Choosing the right industrial machinery stock requires insight into companies that lead innovation and market presence. Emerson Electric Co. (EMR) and Generac Holdings Inc. (GNRC) both operate in the industrial machinery sector, yet they target distinct market segments with overlapping focus on power and automation solutions. This article will analyze their strategies and performance to help you decide which company offers the most compelling investment opportunity in 2026.

Emerson Electric vs Generac Holdings: Company Comparison
Table of contents

Companies Overview

I will begin the comparison between Emerson Electric Co. and Generac Holdings Inc. by providing an overview of these two companies and their main differences.

Emerson Electric Co. Overview

Emerson Electric Co. is a technology and engineering company serving industrial, commercial, and residential markets globally. Its mission focuses on delivering automation and commercial solutions through two segments: Automation Solutions, which provides instrumentation, valves, and control systems for various industries; and Commercial & Residential Solutions, offering heating, air conditioning, and environmental control technologies. Founded in 1890 and headquartered in Saint Louis, MO, Emerson is a well-established leader in industrial machinery.

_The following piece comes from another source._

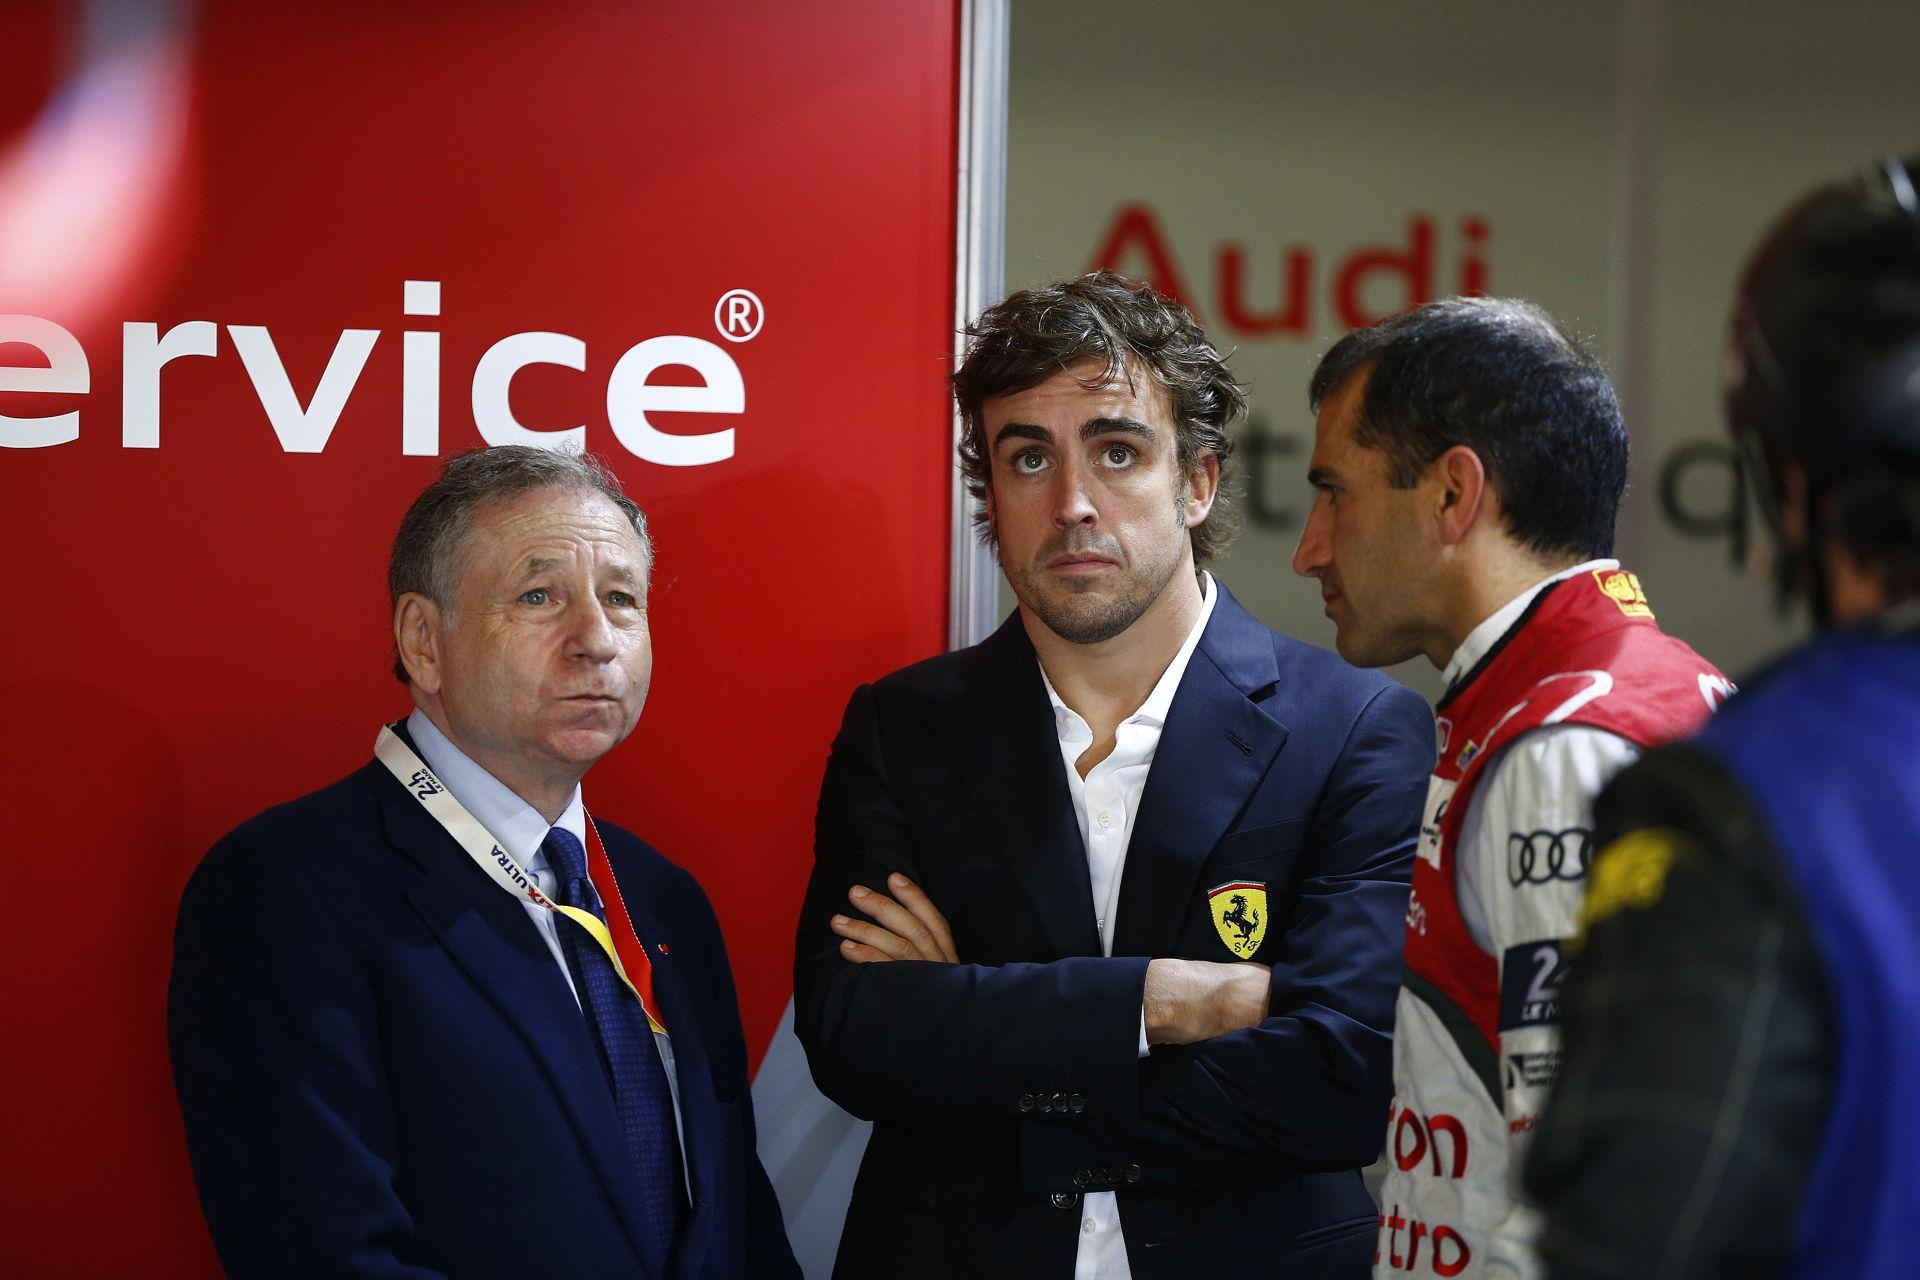 Végre egy pálya a Forma-1-ben, ahol a Ferrari is nyerhet?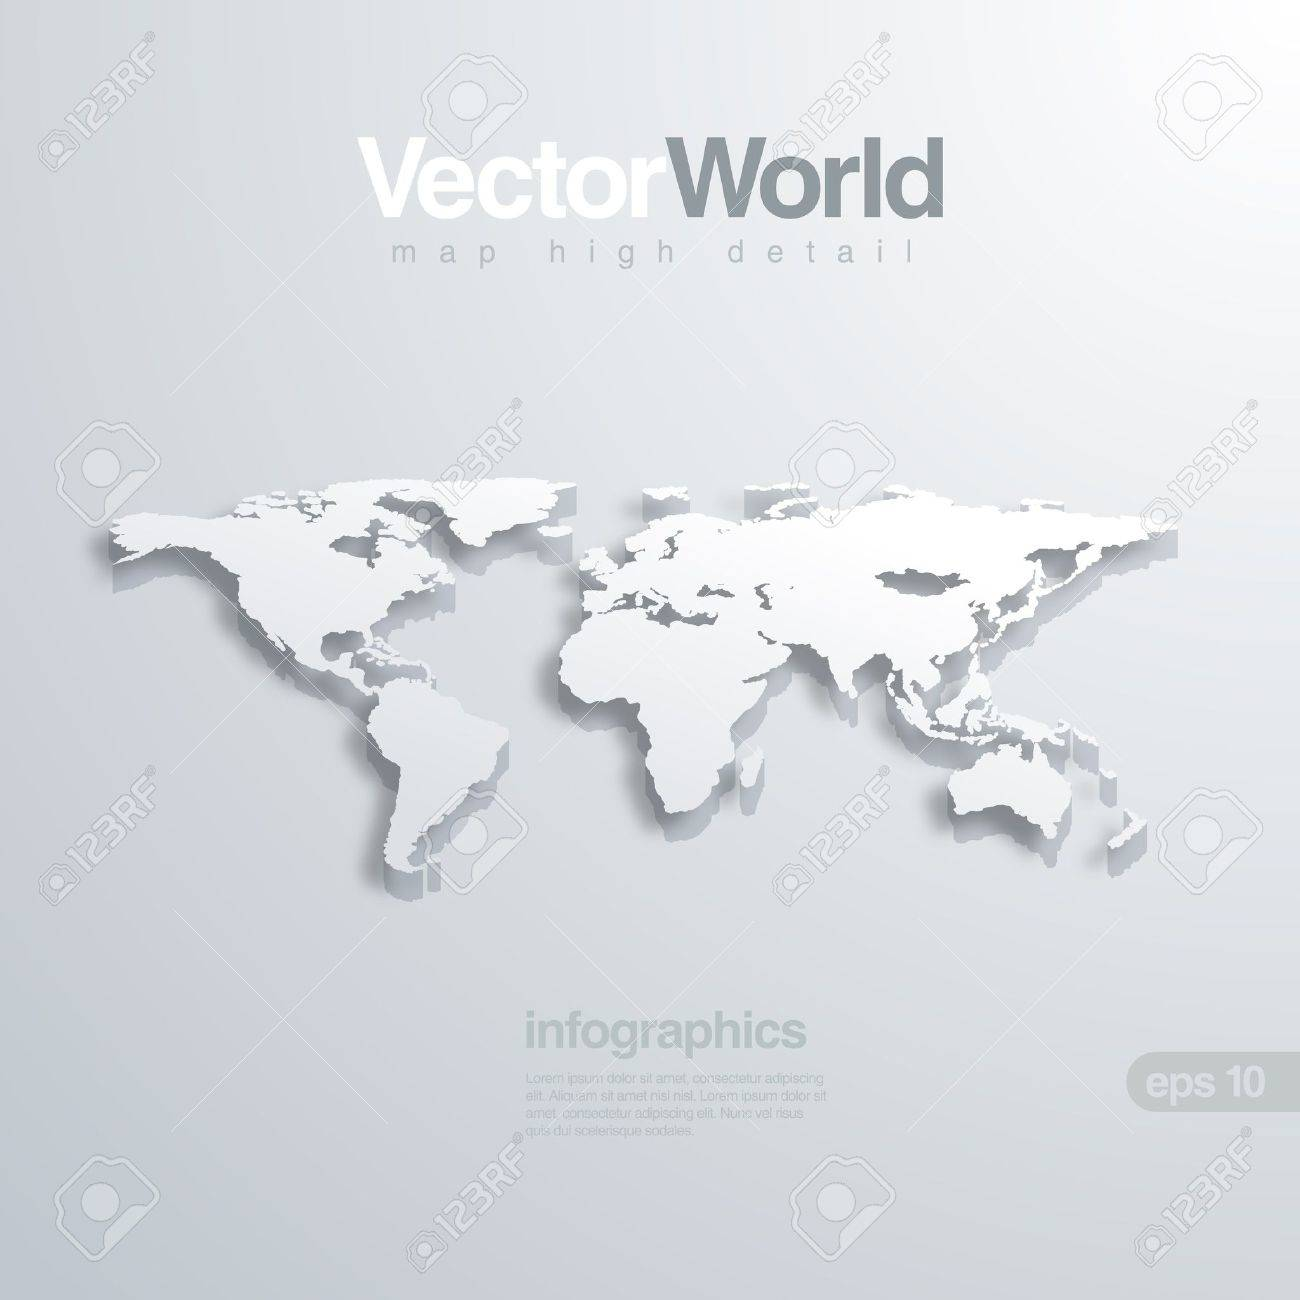 Mapa del mundo illlustraion 3d til para la infografa foto de archivo mapa del mundo illlustraion 3d til para la infografa gumiabroncs Images

Generac Holdings Inc. Overview

Generac Holdings Inc. specializes in designing and manufacturing power generation equipment and energy storage systems for residential, light commercial, and industrial markets worldwide. Its product range includes standby generators, portable generators, outdoor power equipment, and clean energy solutions. Founded in 1959 and based in Waukesha, WI, Generac focuses on delivering reliable power solutions with a growing presence in clean energy technology.

Key similarities and differences

Both companies operate in the industrial machinery sector and serve residential and commercial markets, but Emerson has a broader global footprint and diversified product segments including automation technology. In contrast, Generac is more focused on power generation and energy storage solutions, with an emphasis on residential and light commercial applications. Emerson employs about 73K people, significantly more than Generac’s 5.4K, reflecting their different scales and market reach.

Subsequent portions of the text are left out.